Analyzing certain ratios generated from financial reports provides insight into the financial health and viability of a business. These ratios may provide information for stakeholders within a company or those outside, such as lenders, shareholders or potential buyers. Common financial ratios include such comparisons as return on investment, debt to equity and return on assets. There are several types of ratios, grouped by the area of financial performance that each analyzes. These include groups of ratios such as profitability, liquidity, leverage and efficiency. Included in the last group is the ratio of inventory compared with total assets.
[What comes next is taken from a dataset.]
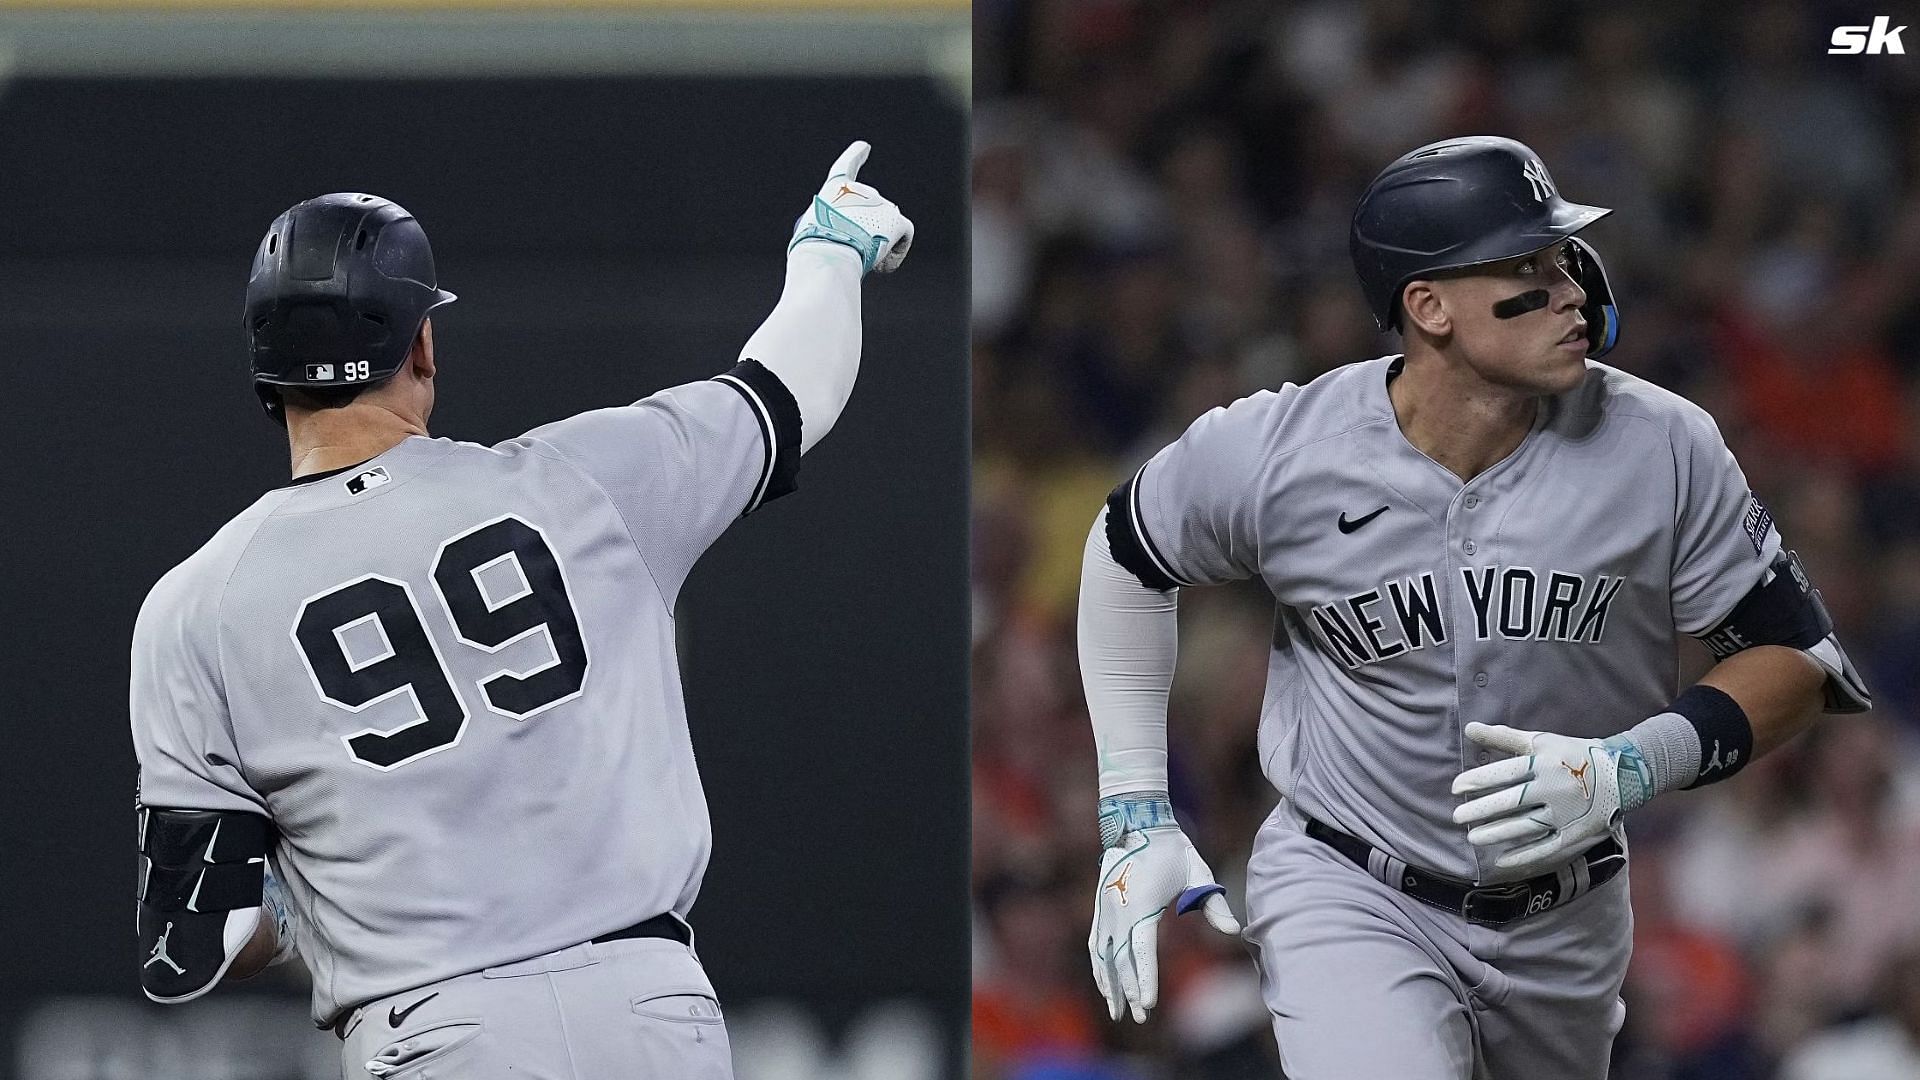 Yankees superstar Aaron Judge fastest to 250 home runs to leave fans ecstatic "Best
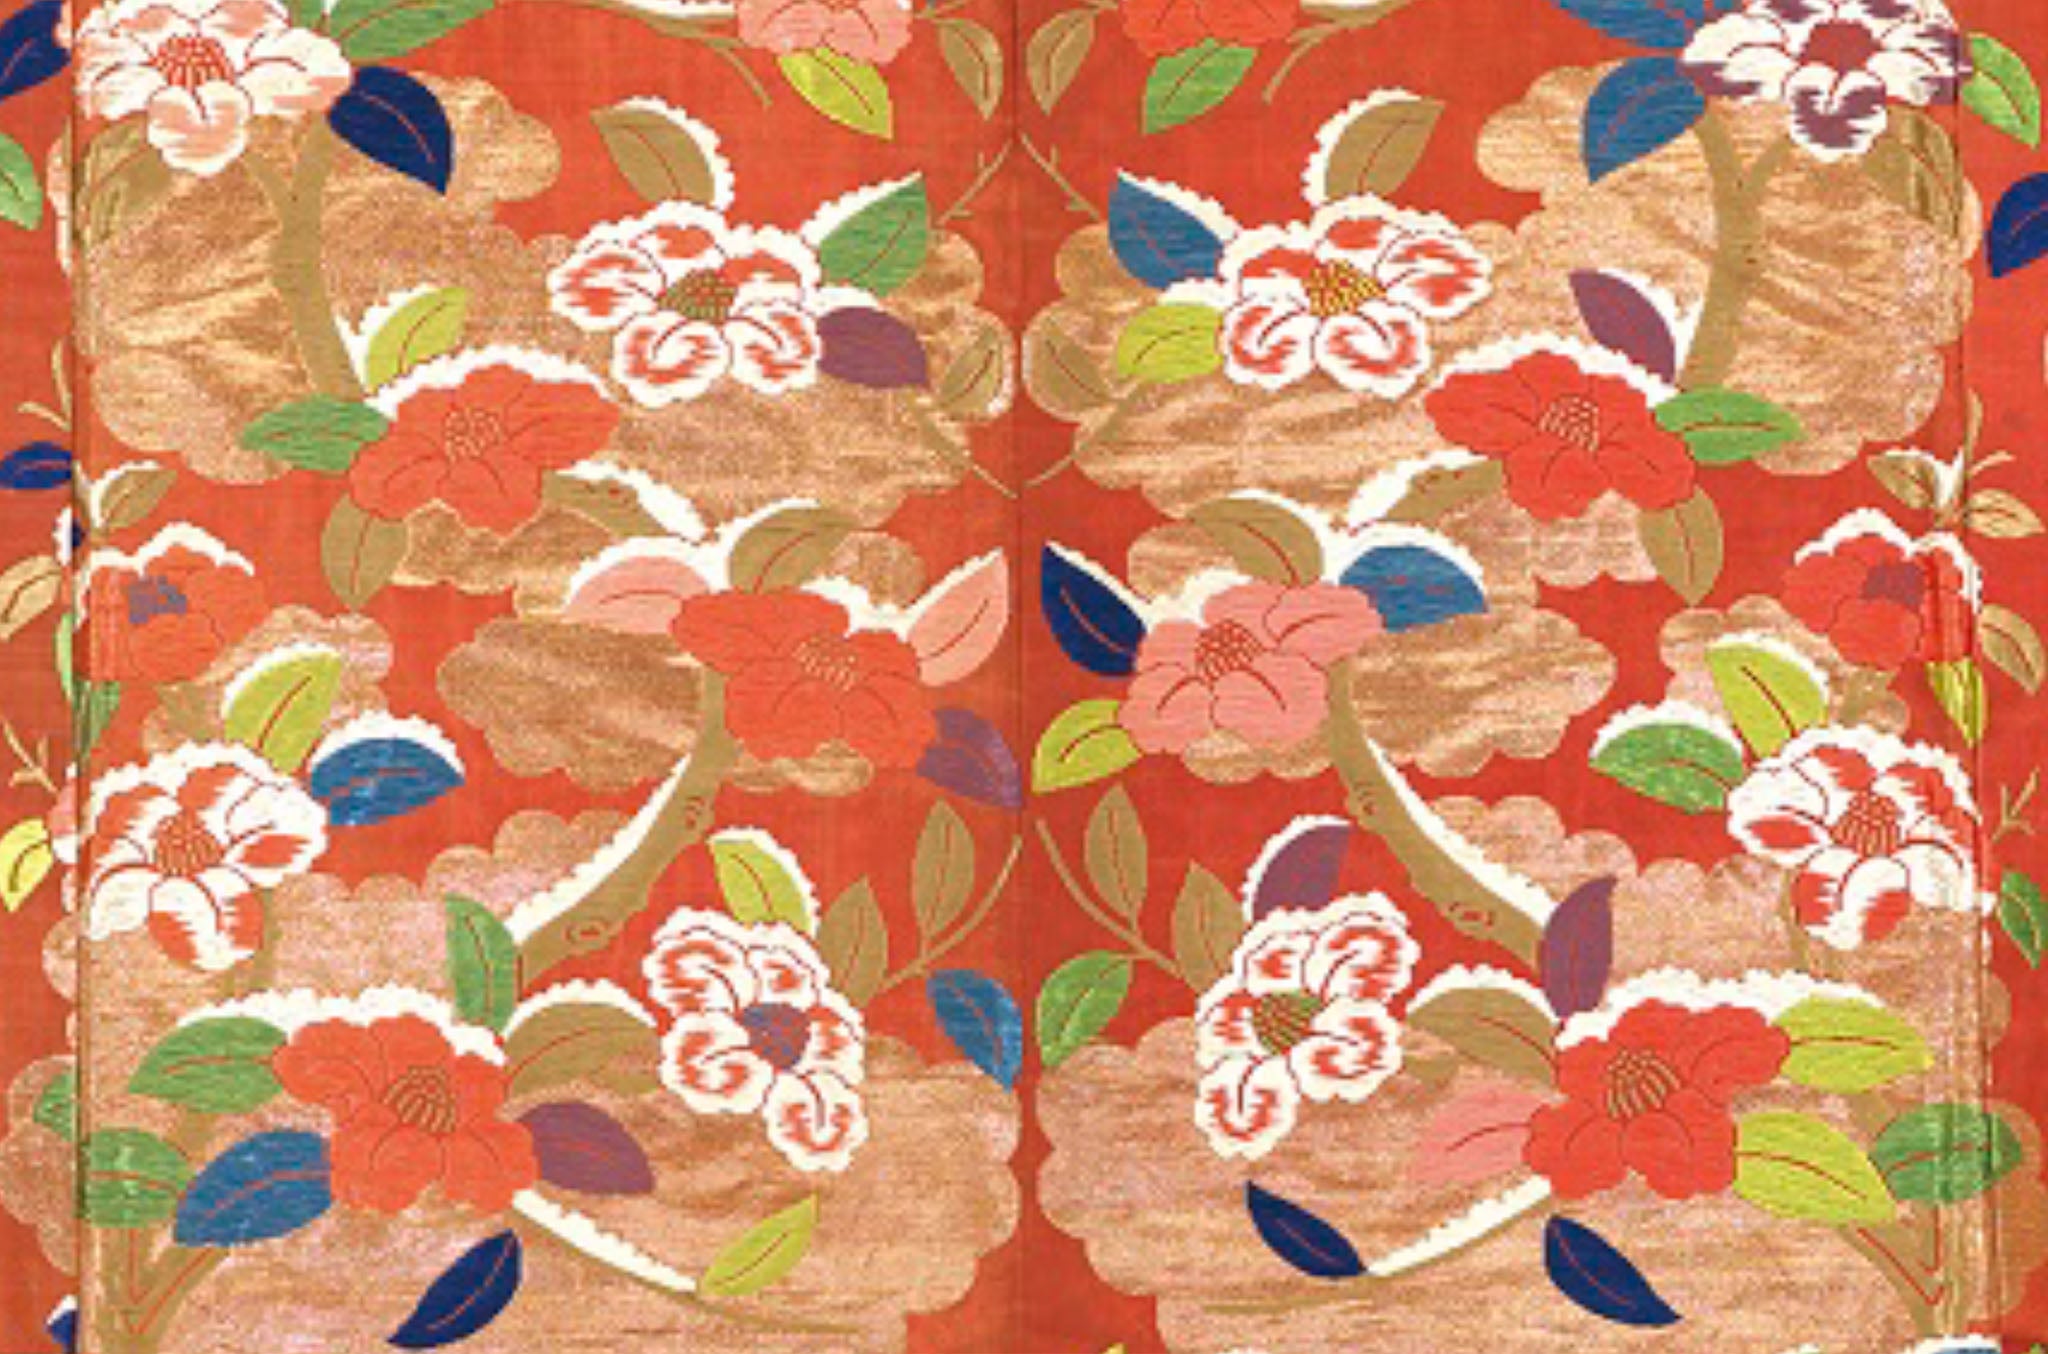 Detail of Noh Kimono from the Hatakeyama Collection at Kyoto National Museum

The percentage of inventory to total assets is one way to assess how the value of inventory impacts a company's financial performance. Other ratios used for similar analysis include current, quick and inventory turnover ratios.

How to Calculate the Ratio 

Any ratio is calculated with a simple division equation. In the case of inventory to total assets, the calculation is:

(Value of inventory/Value of total assets) x 100

There are several sources for the information needed to calculate this ratio. These include:

  • The balance sheet, which typically includes inventory amounts as well as total assets
  • Working capital reports that include inventory, a capital asset tied up in earning money for the company
  • Annual reports that include the value of total assets, as well as usually including a balance sheet, which provides inventory amounts

Interpreting the Results

A single ratio is of little use without some point for comparison. For example, the inventory-to-asset ratio for one company could be compared with that of others in the same industry. Generally, the lower the ratio, that is, the smaller the amount of inventory is when calculated as a percentage of total assets, the better that company’s inventory efficiency.

As well as comparisons with other businesses, inventory to asset ratios may be compared over various time periods within one company to gauge how inventory efficiencies change over time. If the inventory to asset ratio falls over time, the company’s inventory efficiency increases, while a climbing ratio may indicate a decrease in efficiency, without extenuating reasons for the larger levels of inventory.

Effects of High Inventory

When comparisons show that the inventory to total assets ratio is high, certain general conclusions can be made. Compared to a similar business with a lower ratio, cash flow may be impeded due to the value of inventory. This could lead to increased financing costs to cover day-to-day cash needs. As a result, a high inventory to total assets ratio may raise questions about other aspects of a company’s health.

Excess inventory runs the risk of obsolescence. Holding a large stock of last year’s hot smart phone, for example, could lead to valuation losses in the face of updated technology.

Where inventory is perishable, large stocks could lead to loss through spoilage if inventory turnover rates are miscalculated. Large inventories may also be susceptible to shrinkage - loss from inventory theft.